Generally speaking, a pupil with hand held computer has to store field data in a spreadsheet or database, write notes in a word processor; return to school or home; upload both to a PC or Mac; and only then start to merge them or share them with peers.
With the trial set of Asus netbooks, I was able to take groups of students out and make the computing a seamless part of the fieldwork. There are several levels to this.
Most basic level: sneakernet.
This applies in most field contexts. Here, the pupil enters his or her own data and makes his or her own notes, as in the usual handheld setup. However, a single USB flash drive is circulated continually around the group, each pupil backing up their work to it as it reaches them and then copying a complete set of files back to their own machine. It’s necessary to name the files logically (Jesh_Kaur.doc, Jesh_Kaur.xls; John_Smith.doc, John_Smith.xls; and so on) and to avoid overwriting and keep individual work distinct, but once that habit is established it means that every member of the group has both multiple recent backups her or his own work (on both the USB drive and the computers of other members of the group) and also reference access to near current copies of everyone else’s.

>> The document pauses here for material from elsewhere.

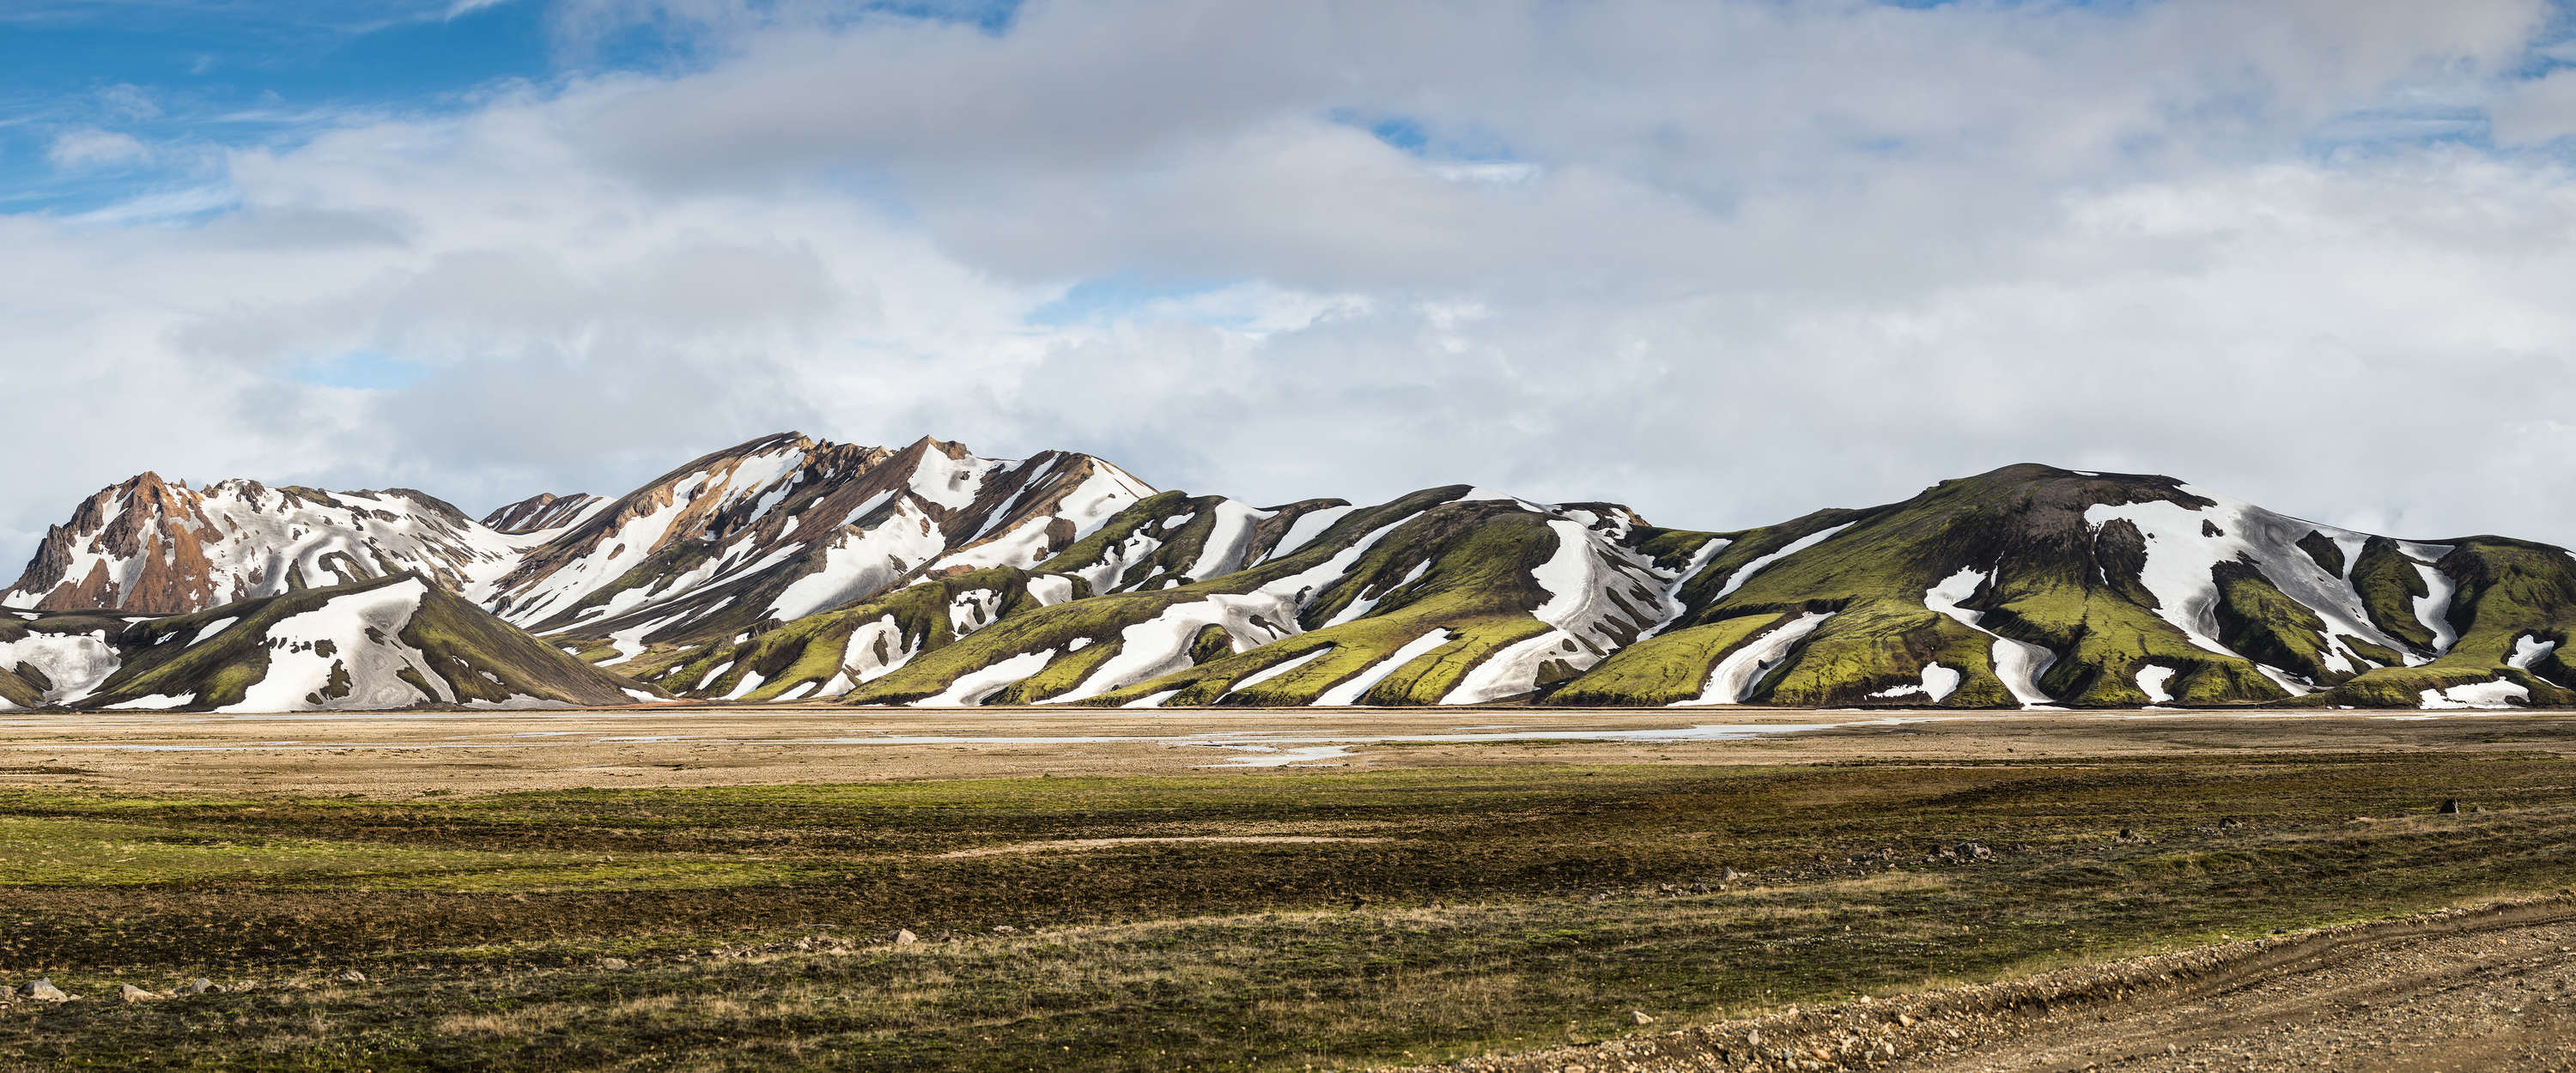             Panorama Fototapete auf isländische Berge

The next level: WAN to go.
This was amazingly easy to set up and use, though not suitable for all settings. All that is required is a wireless router, a power supply, and a relatively small study area. When in a museum, that lemonade bottling plant, or many other visit sites, a temporary wifi zone can (with site permission) be set up in an area such as the café or visitor centre. No internet access is available, but work sharing becomes immediate. If a wifi hard disk is attached to the router, so much the better – all shared work is then available to anyone within the coverage area, regardless of whether its author is within reach. If an adaptor is carried for running the router and disk from a vehicle’s cigarette lighter, good use can also be made of time on the minibus home afterwards.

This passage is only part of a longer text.